Dataset section:
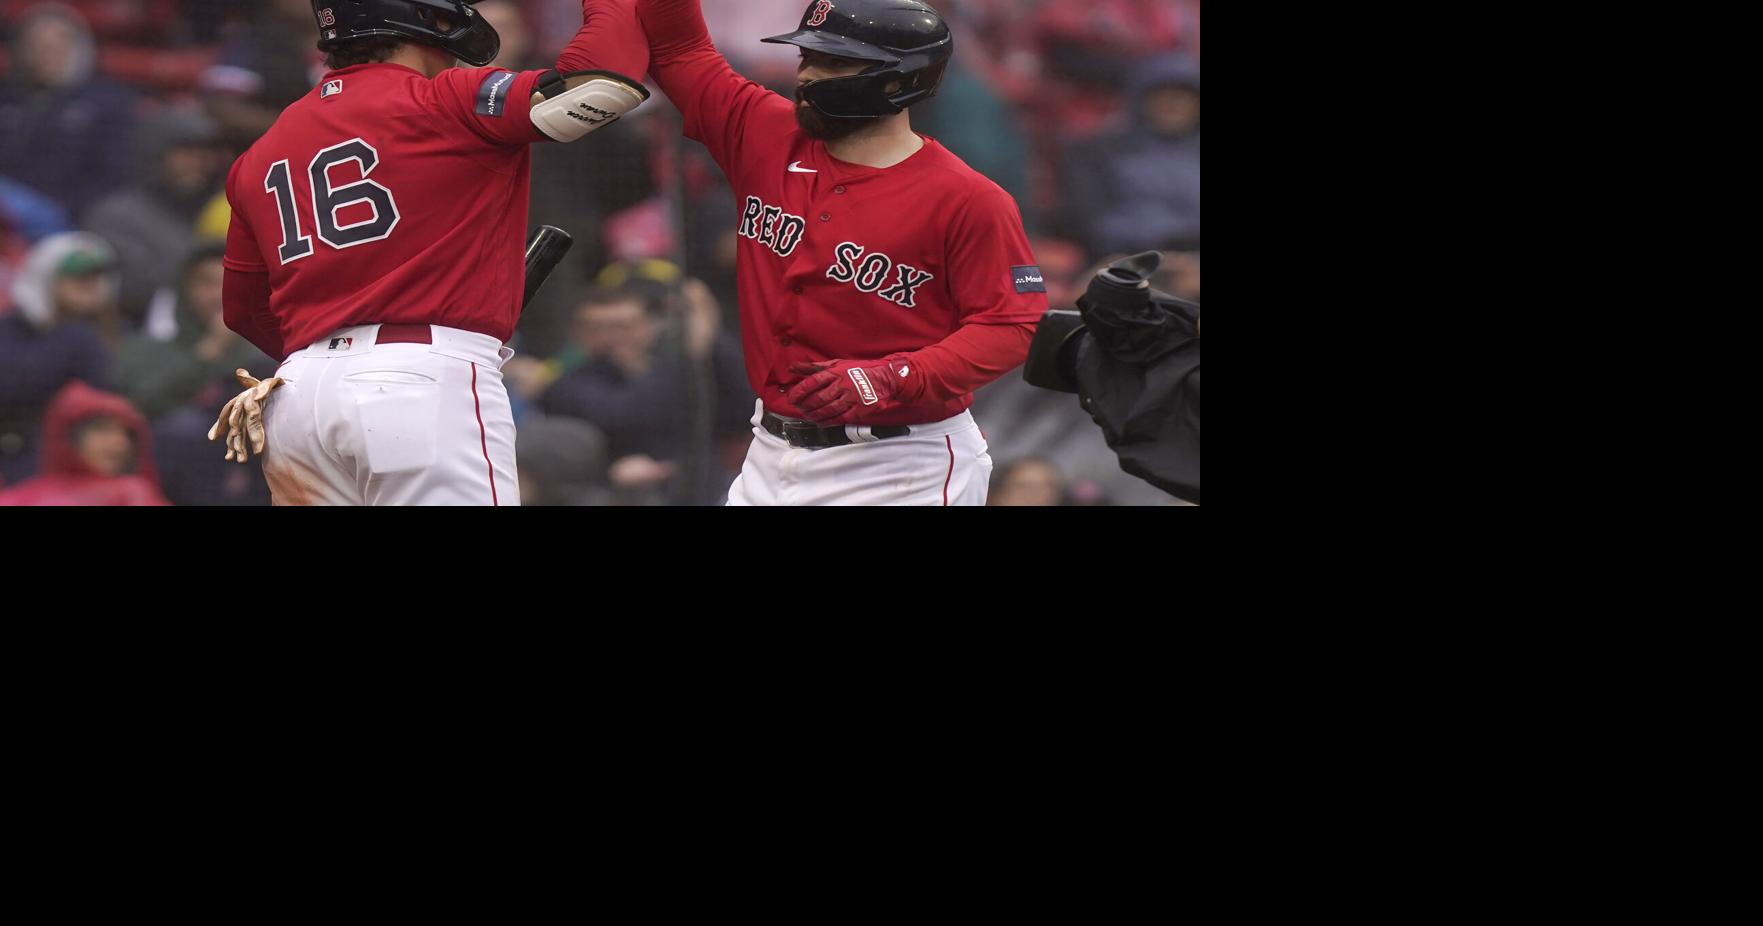 Masataka Yoshida's strong showing includes three-run homer in Red Sox' win  - The Boston Globe
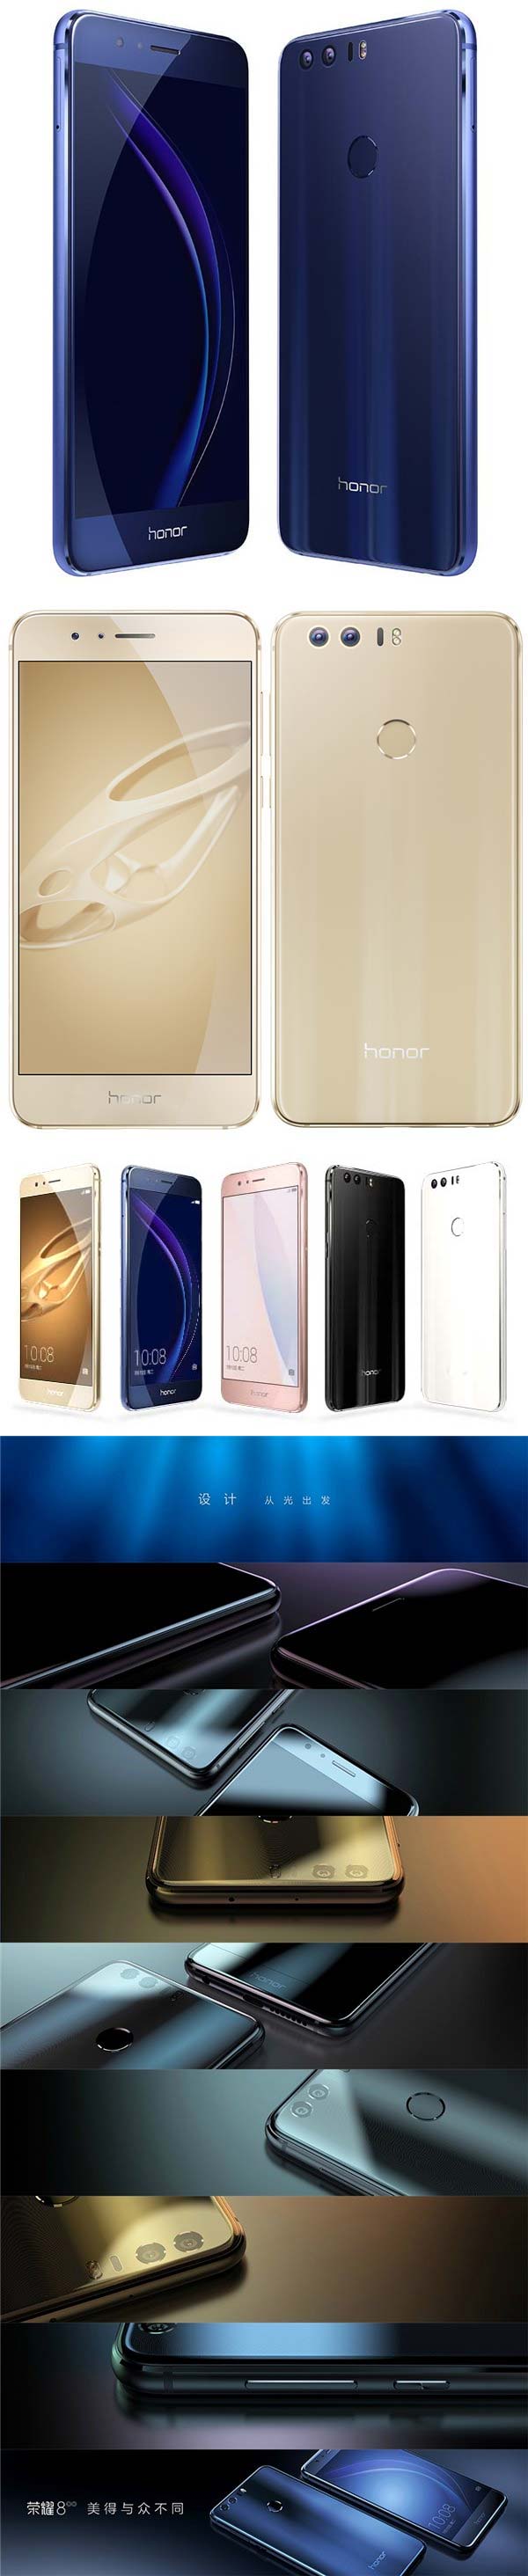 Huawei Honor 8, официально
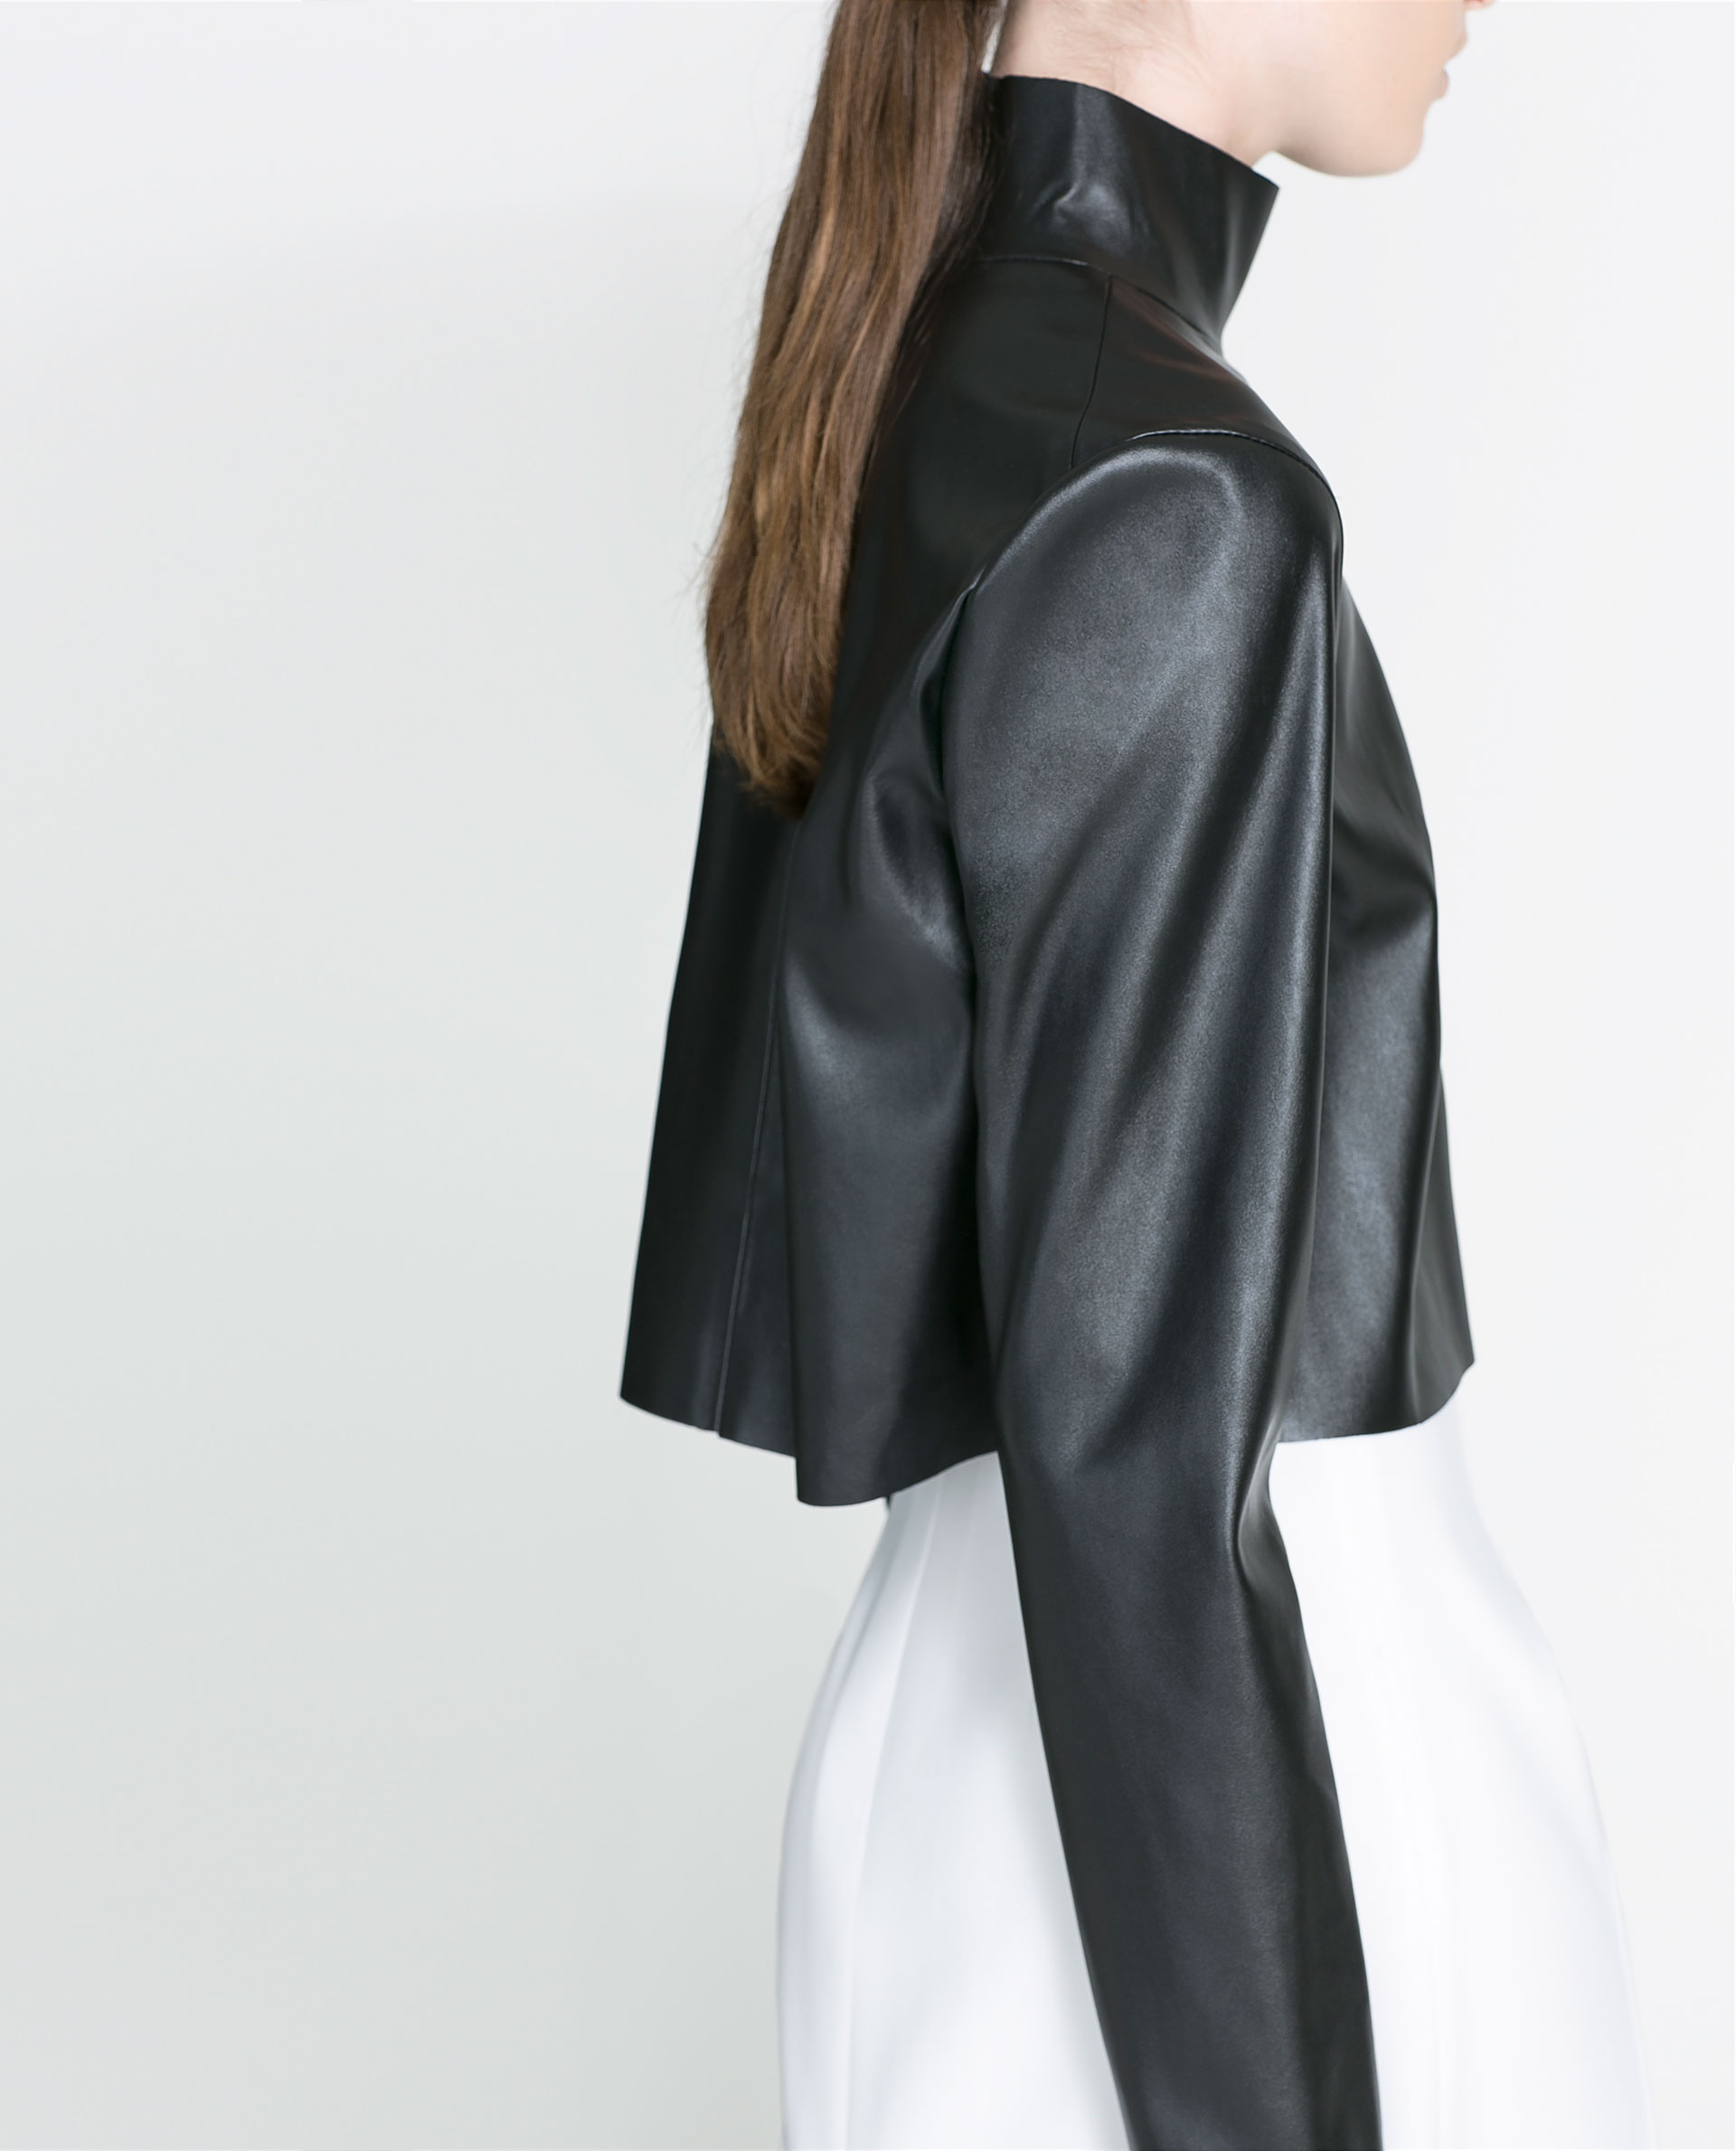 Zara High Collar Studio Top in Black | Lyst

Exercise brief:
The expected answer is the full listing above, transcribed exactly and without pictures.

Answer section:
 Masataka Yoshida's strong showing includes three-run homer in Red Sox' win  - The Boston Globe
 Huawei Honor 8, официально
 Zara High Collar Studio Top in Black | Lyst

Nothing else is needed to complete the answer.